Как-то мне раньше казалось, что все уехавшие сюда, единомышленники, друзья… и мы, оставшиеся дома, тоже им друзья — с этим радостным чувством я и ехал сюда. С любовью, восторгом, с предложением совместного сборника — мы же, в сущности, «ленинградская школа», братья, из одного гнезда!.. А гнездо-то, похоже, осиное!
— Вот так! — вздыхает Игорь. — Пока книжка выходила, Шемякин надел фуражку и сапоги и, так сказать, полностью преобразился… И я уже виноват перед ним. Слава богу, судья, умная негритянка, спустила на тормозах…
Все знаменитое ефимовское издательство с пышным названием «Эрмитаж», страстная и почти недостижимая мечта всех здешних русских, жаждущих напечататься, оказалось заключено в одном обшарпанном компьютере. Все делается в нем, потом диск с макетом книги отдается в типографию, среди массы других заказов от других таких же «издателей». День на третий моего пребывания друг Игорь мужественно отложил все дела и выкроил день отдыха. Мы заехали в типографию по дороге на рыбалку — вот уж не думал, что в Америке рыбалкой займусь! Одеты были, соответственно, в затрапезу, и в помещение нас долго не пускали… Вот она, здешняя литературная жизнь! Еще мы зашли там на почту, и я с некоторым удивлением понял, что Игорь отправляет и получает бандероли довольно-таки далеко от дома! Это зачем? Ефимов, человек стойкий, несгибаемый, неунывающий, преподнес мне это, как интересную американскую диковинку: «Тут от адреса зависит все — и прежде всего, твоя репутация. И этот адрес чуть-чуть престижнее, чем то место, где мы живем. Представляешь?» Да-а, непросто тут все…

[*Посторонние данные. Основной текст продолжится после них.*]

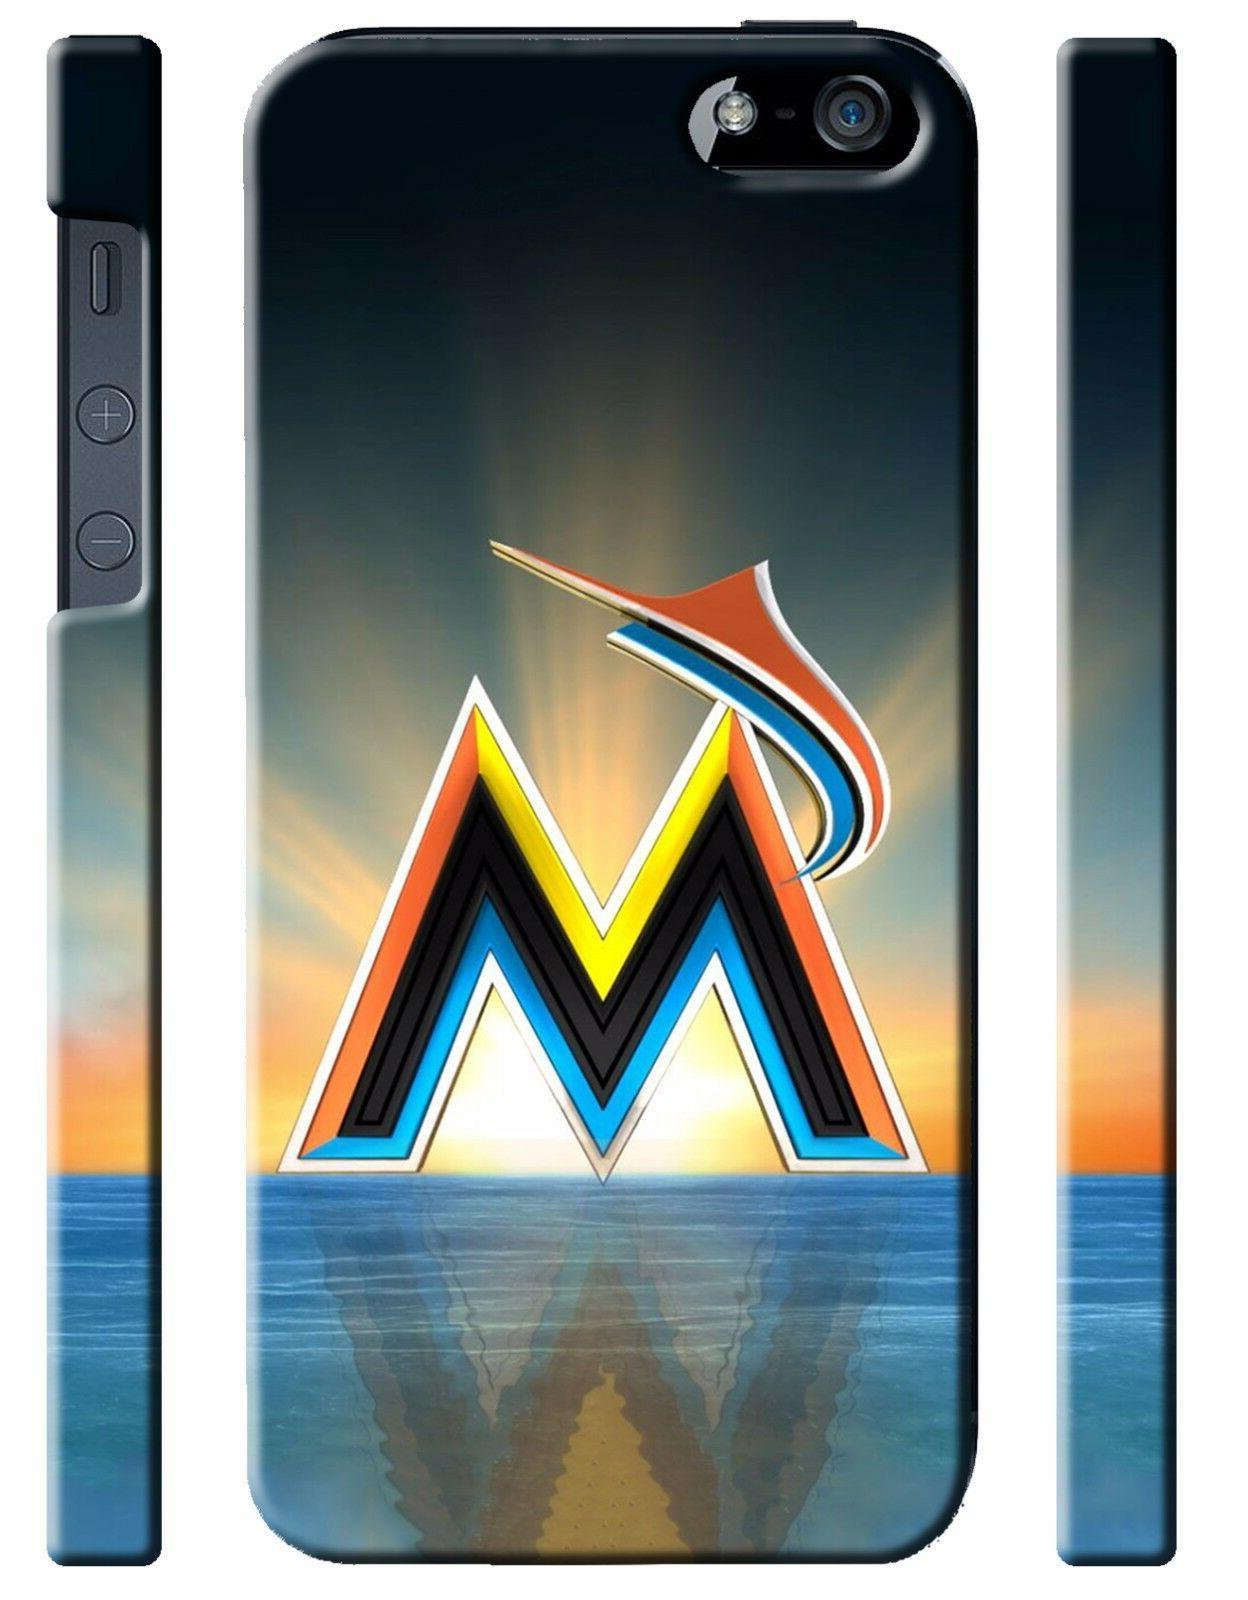 miami marlins baseball iphone 4s 5 5s

Нью-Йорк, как и вся Америка, вскоре понял я, жестко делится на «зоны престижа». Чуть не тот адрес — и на работу определенного уровня тебя не возьмут. И глядишь, бандероль с таким обратным адресом даже не распечатают! Напряженка во всем!
Мы сели в его машину и стали углубляться в глухие леса. Вот уж не думал, что так близко от Нью-Йорка лежит настоящая тайга! В тайгу ли я стремился, с таким подъемом собираясь сюда?
— Сегодня ночью я думал, — произнес Игорь, — и решил — нет! Твое предложение — совместный сборник «Два берега» издавать не буду. Интерес ко всему русскому тут стремительно сжимается, как шагреневая кожа.
И чего я тогда приехал? Мы некоторое время ехали молча. Да. Суровая страна! За «зеленым морем тайги» вдруг показалась макушка какого-то небоскреба и снова спряталась. Машина, скрежеща, лезла по склонам.
— А какая у тебя машина? — решил я перевести разговор на более приятную Игорю тему.
— А такая, — усмехнулся он, — что дочка просит к самой школе ее не подвозить — выходит за квартал!
Да-а! Жизнь! Дочку его мы уже однажды везли в Нью-Йорк из ихнего Нью-Джерси, и она всю дорогу не сказала ни слова и презрительно отворачивалась, когда к ней обращались. Ничего не поделаешь, переходный возраст (потом, кстати, она стала веселой и толковой, и очень родителям помогала). Такую же стадию «перелома», как я узнал, проходила тогда и дочь Довлатова Катя… Потом мы ехали молча — Игорь окончательно и безнадежно погрузился в тяжкие мысли.
— Кстати, эту книгу о Шемякине мне твой друг Довлатов подбросил! — скрипя рычагами, вдруг произнес Игорек.
А я-то думал, что все тут друзья… как прежде! А тут явно враждебное — «твой друг!» Ведь Игорь книги Довлатова тоже выпускал, но мне почему-то не показал… подробности я узнал позже.
Когда мы вернулись с суровой, но безрезультатной рыбалки, Марина (заменившая Довлатова на «Свободе»), торопливо печатала, поглядывая на часы… У нас такой озабоченной я ее не видал.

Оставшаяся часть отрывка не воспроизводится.